I think going to the masses is the only way to get value out of the long tail…and I think it can work, but the problem is right now many people are confusing aggregation with curation…just collecting a bunch of stuff isn’t the same thing as specifically filtering out (or picking) a subset of information with a specific intent.I think it also depends a lot on who you are curating for…there’s no reason I shouldn’t be able to curate stuff for say my mom if I wanted to….no one else may get value out of it (so it prob. wouldn’t fall into your definition of curation) but that wouldn’t have been my motivating factor or intention anyway…I think of UGC as content created by a user…curation is content picked by a user (not generated)…and aggregation is just a system for collecting a bunch of content (so to me good curation involves simple tools for aggregation and then filtering, picking, and sharing the best from that aggregation).
yup. the curating for your mom is a great example
INTERNET LIKE NAPOLEON DYNAMITE.ADD “YOUR MOM” TO EVERYTHING.IF IT STILL MAKE SENSE, YOU HAVE WINNER.

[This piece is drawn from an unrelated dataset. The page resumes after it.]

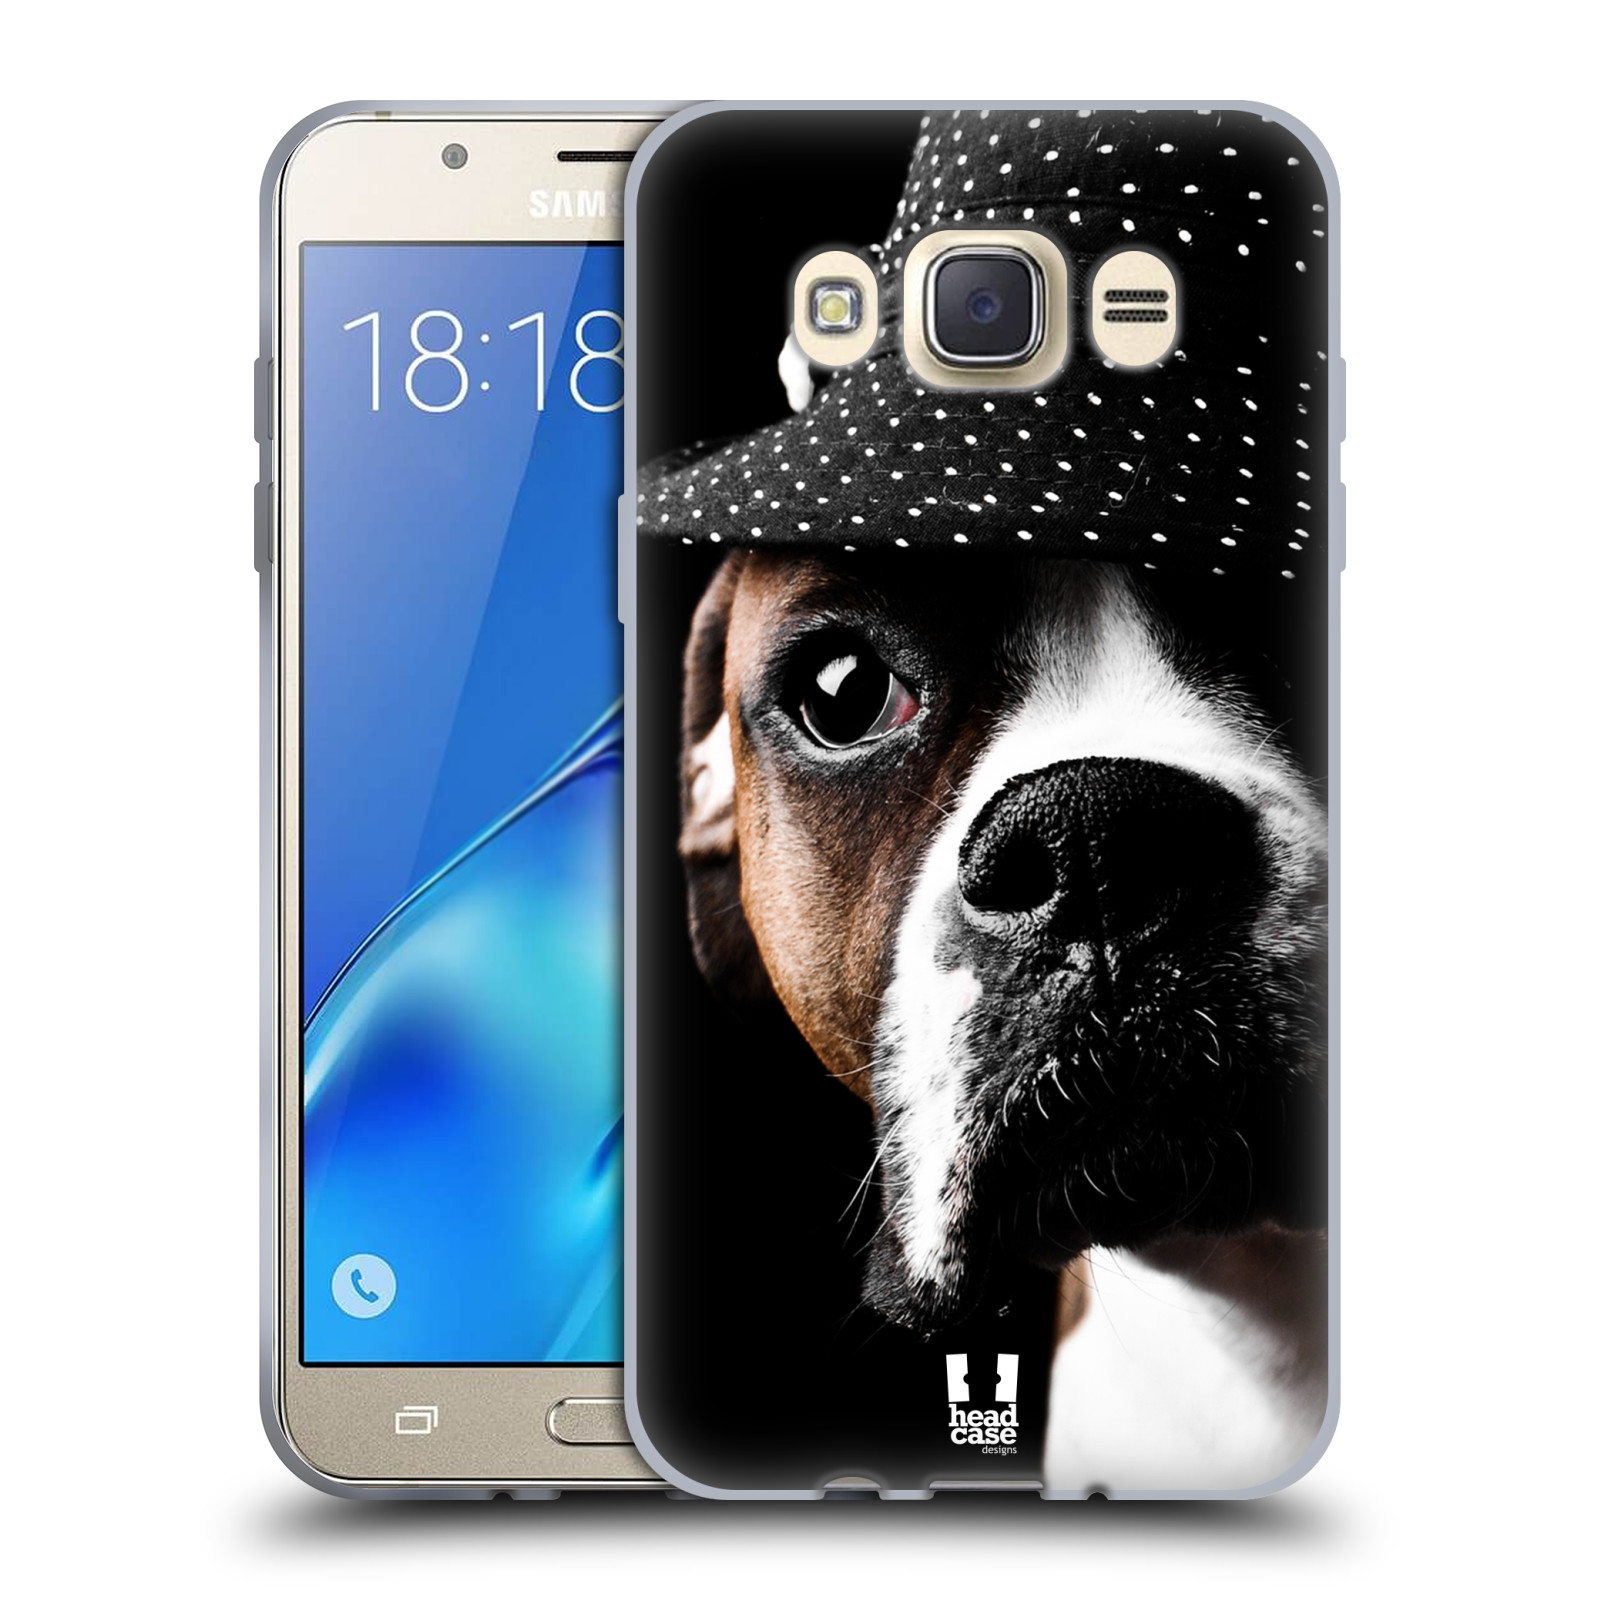 HEAD CASE silikonový obal, kryt na mobil Samsung Galaxy J7 2016 (J710, J710F) vzor Legrační zvířátka pejsek frajer

I think Picking content is like sanitizing, selecting, triaging, editing. I maintain my position that Curation is currently hyped.
Ah – ok, now I see. You maintain that curator = filter. I think you’re missing a key element. A curator is a Creator. A remixer. A maker. The aggregating, and organizing is useful, yes – but it is by adding content, and creating new experiences that the Curator emerges as an essential new force on the web.Curators emerge as the human layer – essential, and as of yet unformed. Fred’s Kickstarter example is a good one. And there will be many many more.I’d say not hyped at all, embryonic.looking forward to your post.

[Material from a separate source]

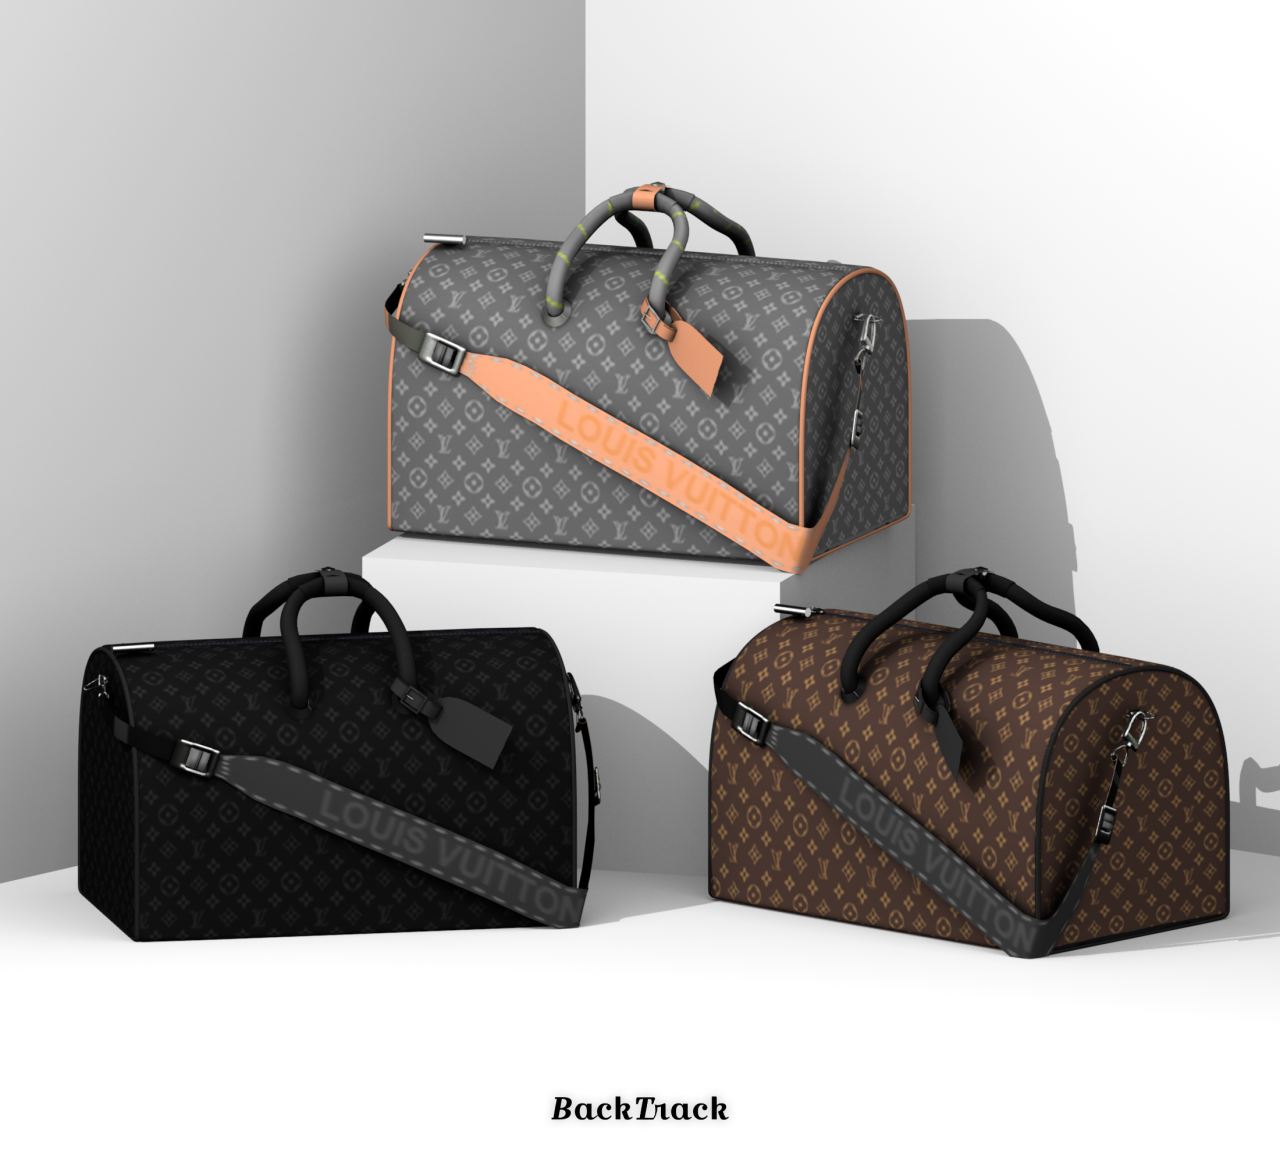 Louis Vuitton Luggage Set, Louis Vuitton, via Tumblr

I agree that curation is all of the above Steve, not just filtering. I didn’t imply just filtering. Curation is a before, a during and an after task. The maintenance is as important as the creation, organization, selection and filtering. And you might add promotion and user-engagement. As a curator, I want users to be engaged with the content I’m curating in order to improve on it or on my methods.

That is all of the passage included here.